__WORK REQUEST__. Write out, from the entries below, exactly the lines that run between the lines holding "Whc: North Elevation" and "Mafia & Crime", inclusive, and stop there.
(Beginning of SOURCE DATA)
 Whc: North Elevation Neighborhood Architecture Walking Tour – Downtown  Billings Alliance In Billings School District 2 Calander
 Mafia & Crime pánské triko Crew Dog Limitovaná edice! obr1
(End of SOURCE DATA)
(Beginning of SOURCE DATA)
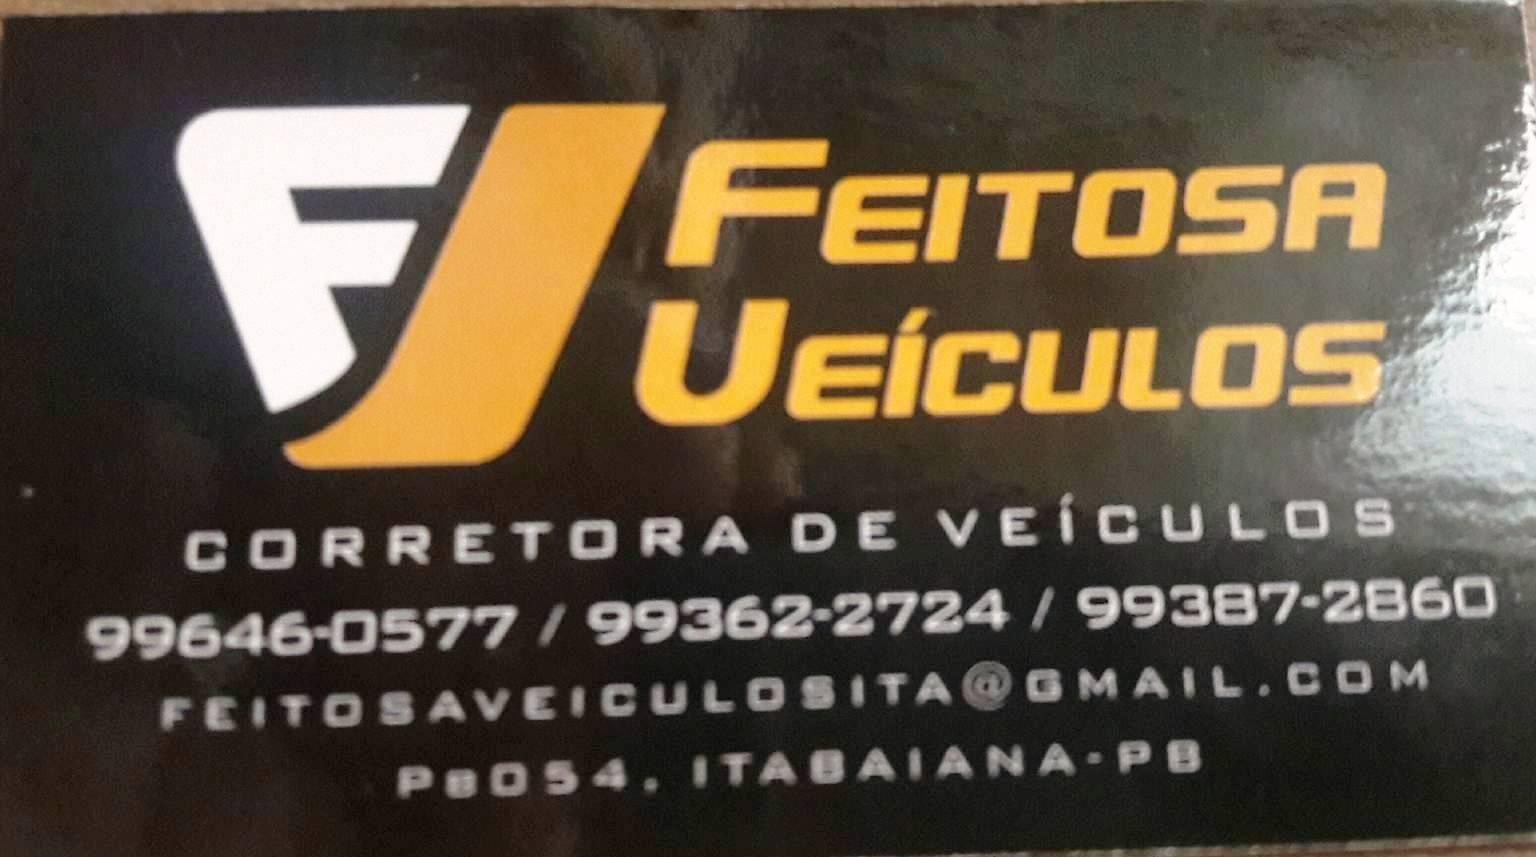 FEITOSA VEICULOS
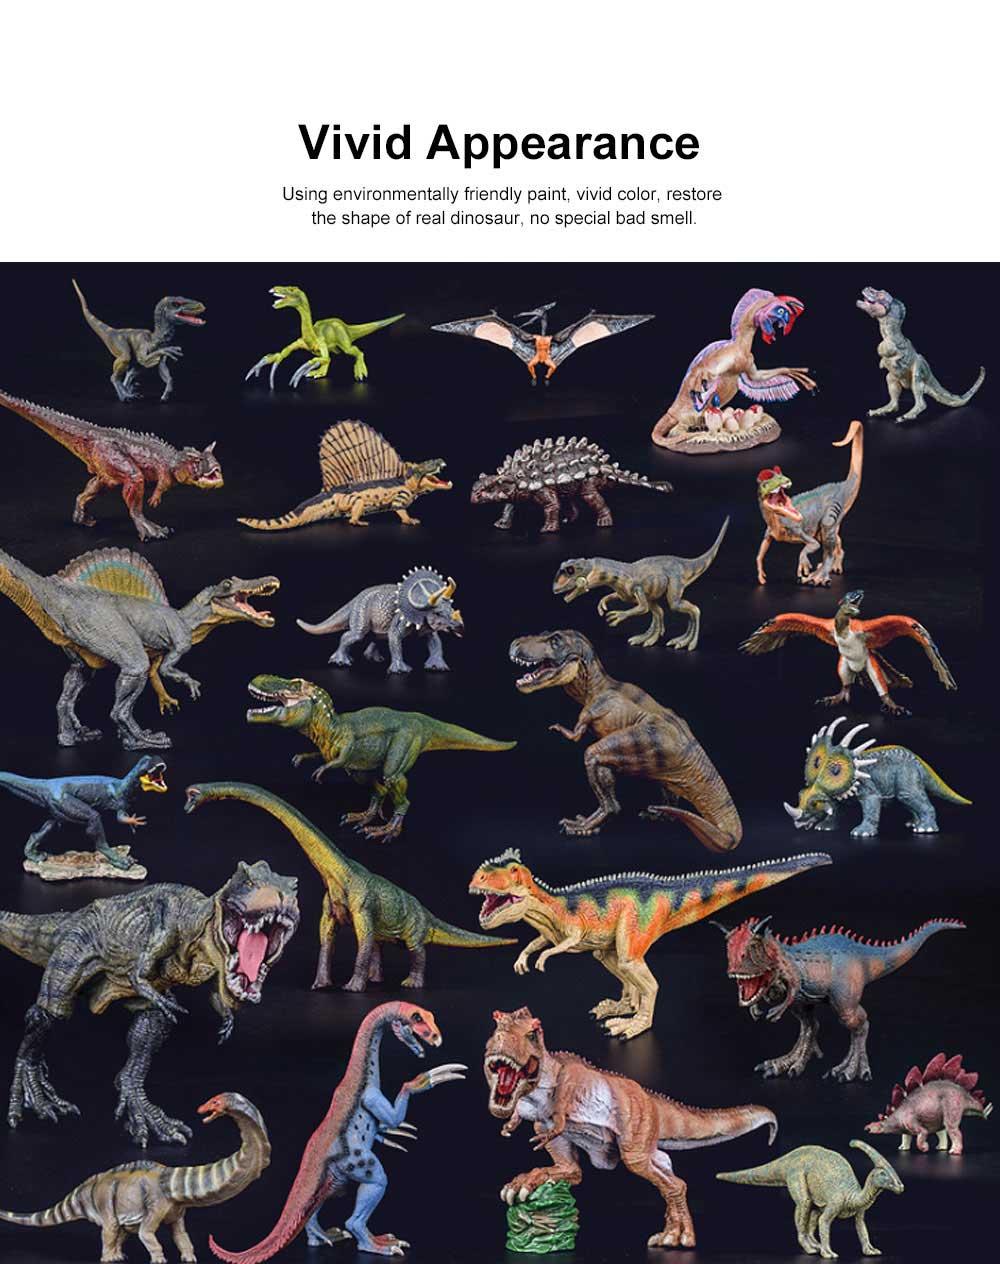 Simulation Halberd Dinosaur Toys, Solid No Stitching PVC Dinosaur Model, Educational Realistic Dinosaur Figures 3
(End of SOURCE DATA)
__RESPONSE TO THIS EXERCISE__.
 Whc: North Elevation Neighborhood Architecture Walking Tour – Downtown  Billings Alliance In Billings School District 2 Calander
 Mafia & Crime pánské triko Crew Dog Limitovaná edice! obr1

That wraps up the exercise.